Jego nowi czciciele podkreślają bowiem, że zastrzelił Prezydenta nie jako polityka przeciwnego obozu, ale jako Obcego – rasowo i kulturowo (uwaga! inżynier Gabriel Narutowicz żył i pracował w Szwajcarii, dziś rzeklibyśmy, że uznawał się za Europejczyka, wtedy zwany był kosmopolitą, które to słowo i dziś jest chętnie przywoływane). Zabił jako kreaturę zdrajców Ojczyzny – Żydów, komunistów i masonów. A przynajmniej tych wszystkich, których można samemu, w miarę potrzeb i sytuacji, Żydami, masonami i komunistami nazwać…

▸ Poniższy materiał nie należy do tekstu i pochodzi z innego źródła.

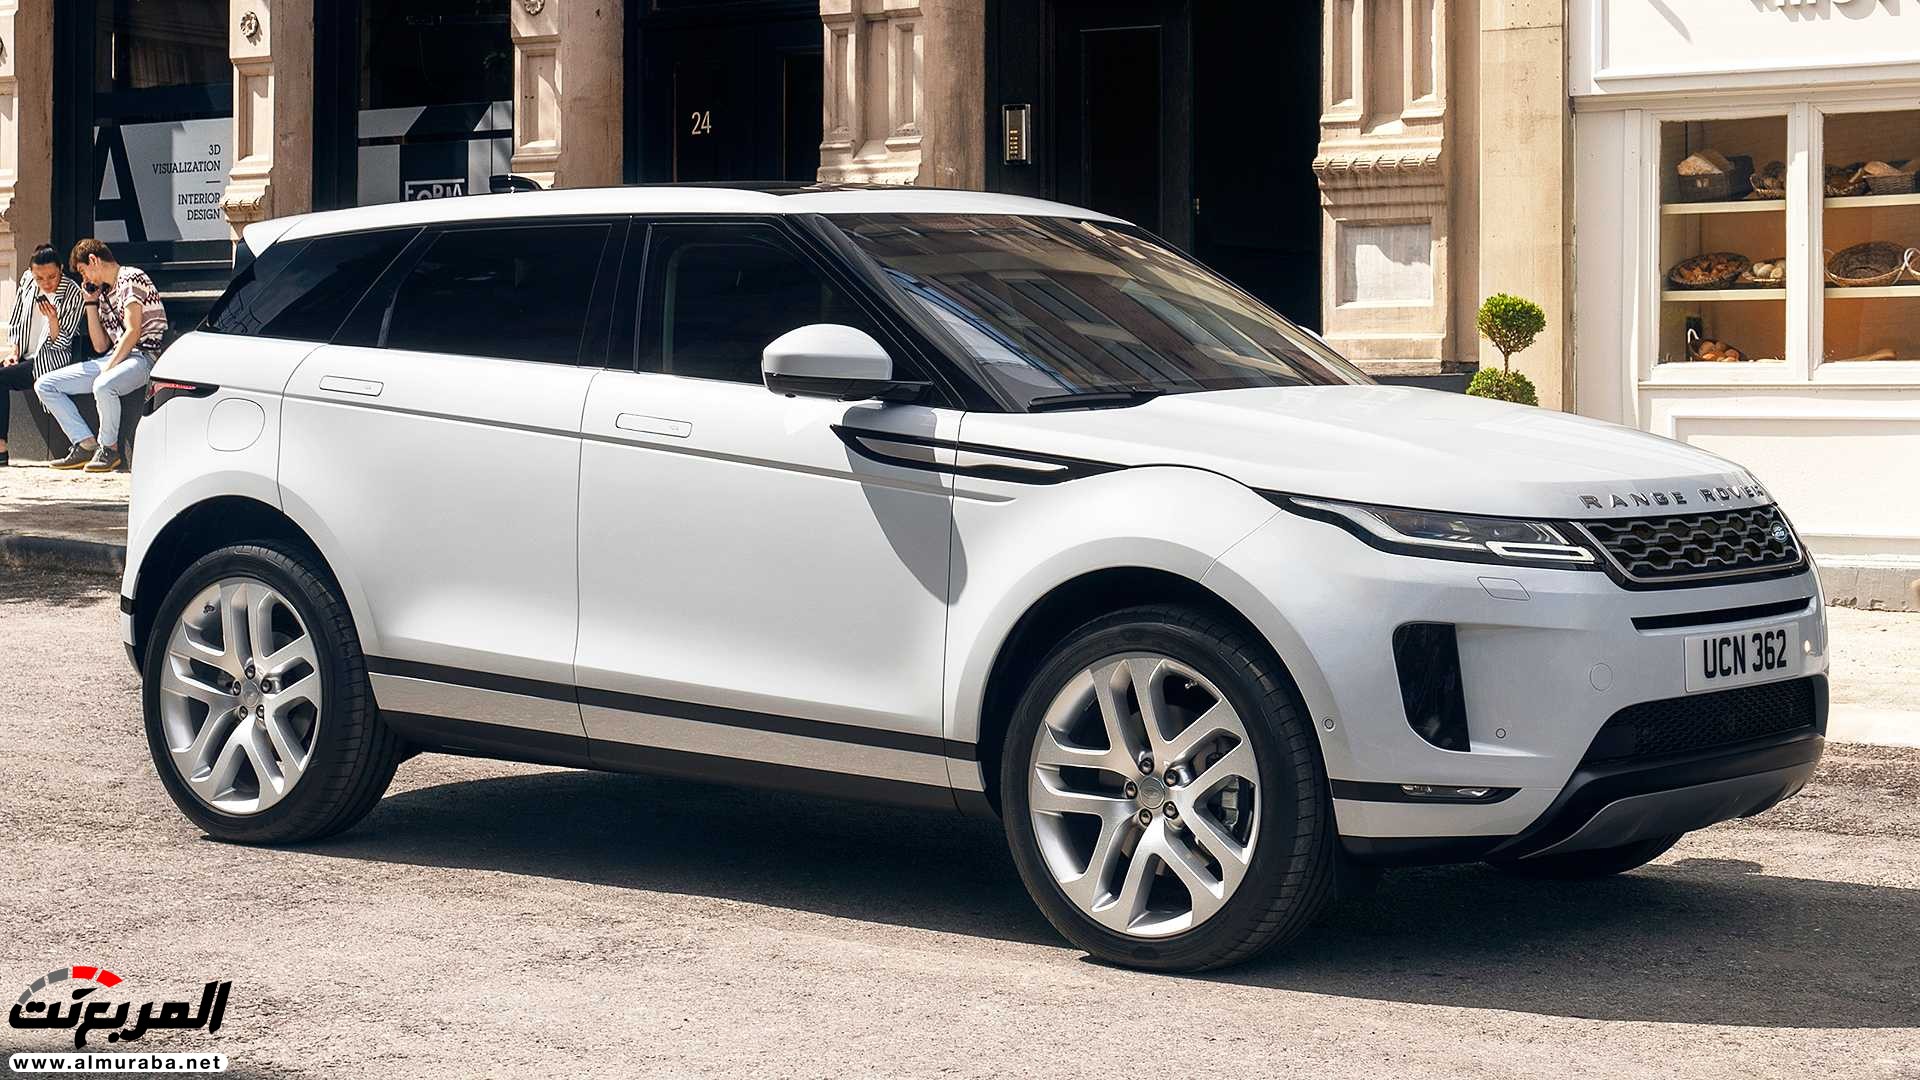 اهم 7 معلومات عن رنج روفر ايفوك 2020 الجديدة كلياً Range Rover Evoque 110

Skąd my to znamy? Co to nam przypomina?

Twórcy spektaklu w Teatrze Małym wykorzystali jego małą przestrzeń sceniczną i wpisany w nią pomysł inscenizacyjny, by o zbrodni opowiedział nam właśnie morderca. Bo w tej przestrzeni jesteśmy blisko nie tylko zabójcy, ale i własnych lęków. Nie tyle przed nim, co przed tym, że jest jednym z nas.

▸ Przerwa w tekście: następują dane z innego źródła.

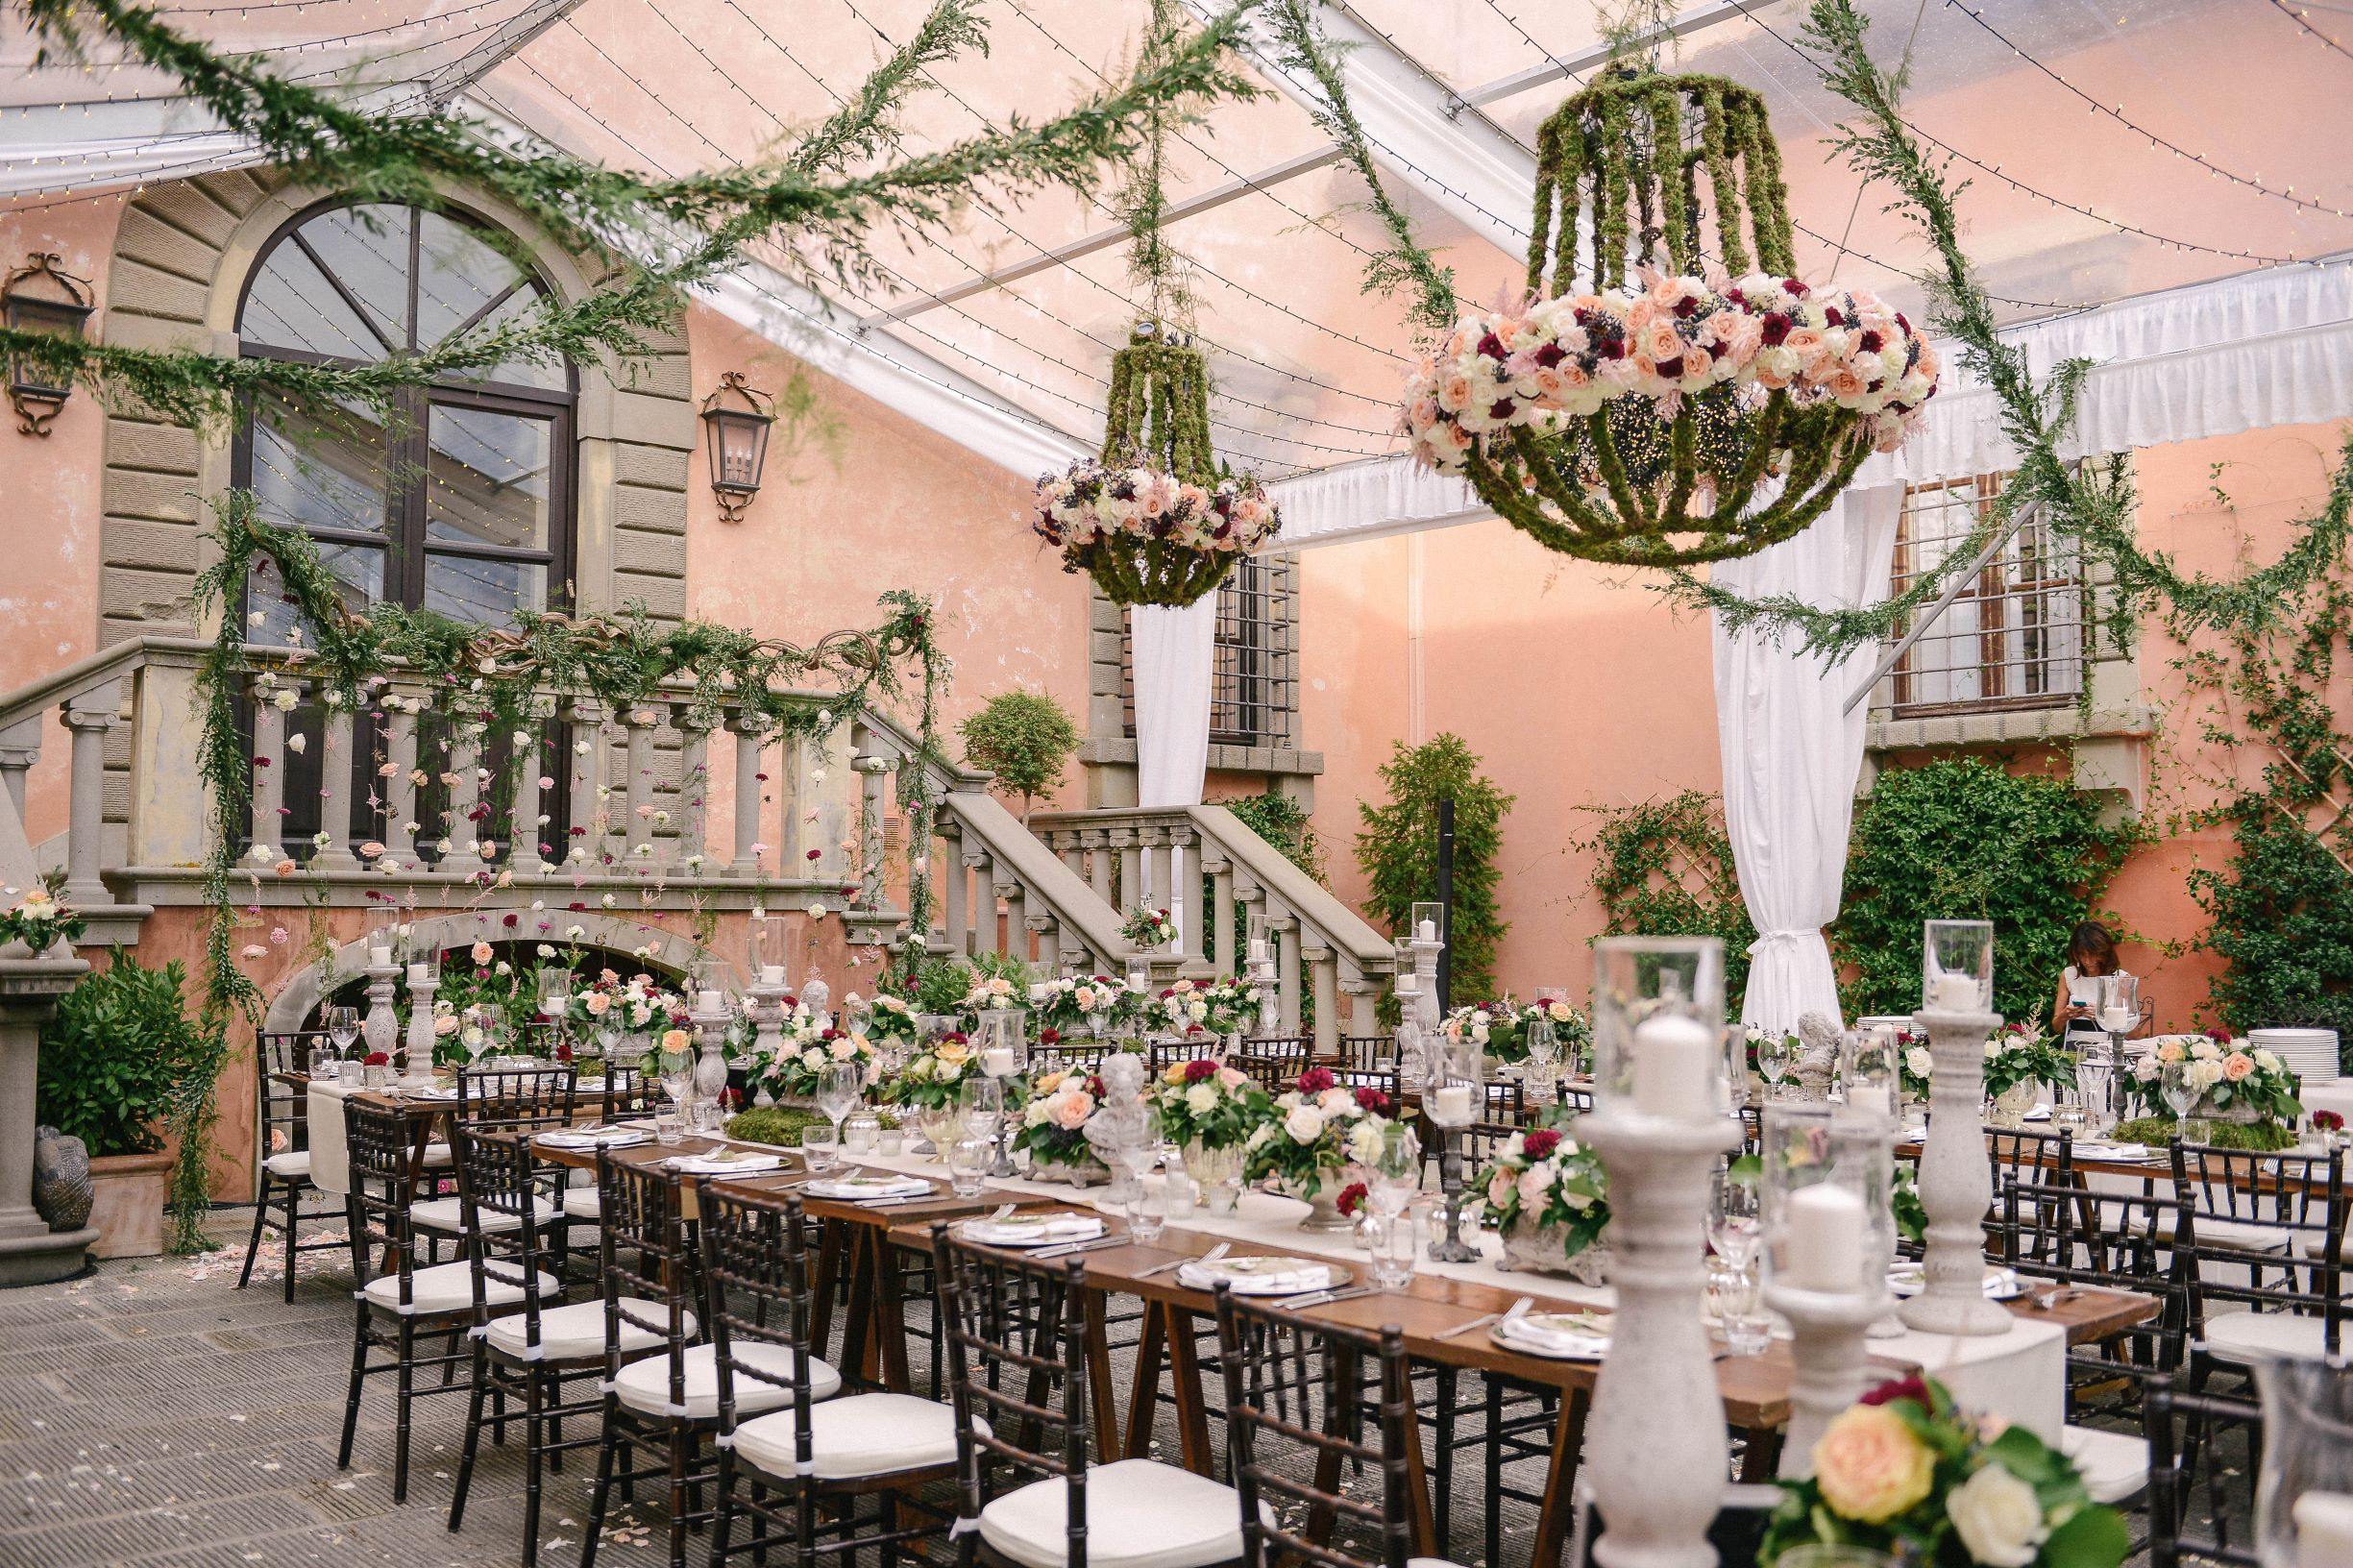 Anne & Imran – Fall Floral Fantasy Wedding in Tuscany

Nie bez przyczyny to Buszko-Niewiadomski – w surducie, białej koszuli i krawacie – wita nas już w drzwiach, zapraszając na widownię. Witajcie, jesteście moimi gośćmi, ale jesteście też i u siebie. „Sami swoi, polska szopa” – można by rzec za Wyspiańskim. Nie łudźmy się, że zło to wyłącznie inni. Nie łudźmy się, że zło to „samo zło”. Ono ma swoje słowa i wzniosłe ideały (a że fałszywe? któż to oceni), swój wdzięk.

Kto wie, może na kolejnych spektaklach (a przedstawienie ruszy niebawem w Polskę) znajdą się na widowni i tacy, którzy po cichu, w sercu albo i głośno przyznają rację malarzowi tatrzańskich pejzaży i symbolicznych portretów Chrystusa, patriocie i mordercy „w imię idei”?

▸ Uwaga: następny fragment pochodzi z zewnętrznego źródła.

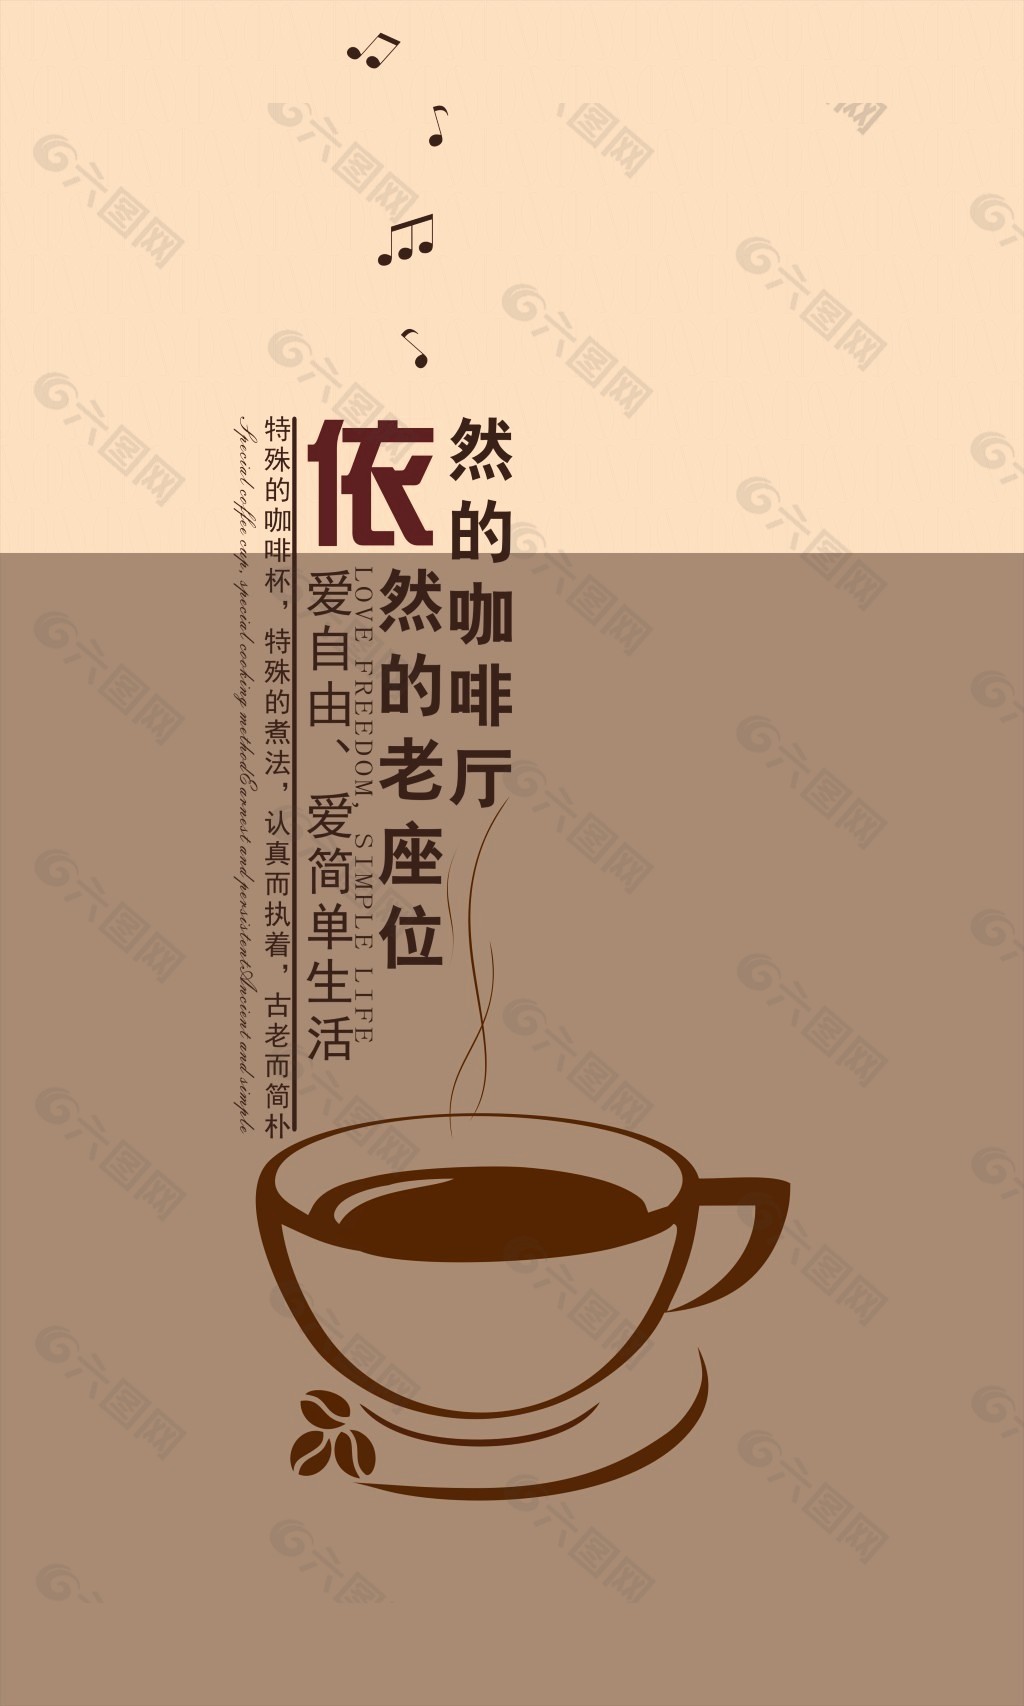 咖啡点平面广告素材免费下载(图片编号:6017642)

Rola Buszki – bardzo skądinąd podobnego tu fizycznie do Niewiadomskiego – poprowadzona jest zresztą tak, by zamachowiec jawił się nie jako potwór czy psychopata (on sam mocno odrzucał takie posądzenia), a przeciwnie, by się nam ukazał jako ktoś, kto ma swoje argumenty i serce.

Aktor stąpa więc po cienkiej linii, prowadząc nas – początkowo łagodnie, prawie przyjaźnie, z czasem dopiero wpadając w ton emocjonalny, ekstatyczny – przez urok i mrok wywodów malarza-zabójcy. Tym sugestywniejsza jest jednak dzięki temu, tym bardziej niepokojąca postać, którą gra. Pilnując gestu, dbając, by nie wpaść w szarżę, nawiązując „naturalny” kontakt z widzem.

Sprzyja temu zamysł, by rzecz zacząć w formule wernisażu, na którym jesteśmy gośćmi malarza przedstawiającego swe dzieła. Sprawdza się tu oszczędna scenografia, czarne tło – a na nim szereg białych płócien, na których ukazują się obrazy Niewiadomskiego, potem zaś archiwalne kadry z ulicznych zamieszek, nagłówków ówczesnej prasy, z pogrzebu Narutowicza i Śmierci prezydenta (twarz obrzucanego śniegiem i błotem Zdzisława Mrożewskiego, który się w rolę prezydenta wcielił, wciąż robi ogromne wrażenie).

Tak, pewnie można by mieć uwagi do spektaklu. Że zbyt surowy i oszczędny w wyrazie albo zbyt nachalny w wymowie. I że na przykład Niewiadomski dłużej powinien nas kusić swą duszą artysty i racjami patrioty. Albo przeciwnie, że nie powinno się dawać mu takiego pola do popisu i ostrzej zaznaczyć linię, za którą rozpoznamy w nim pożerającego nasze dusze Szatana.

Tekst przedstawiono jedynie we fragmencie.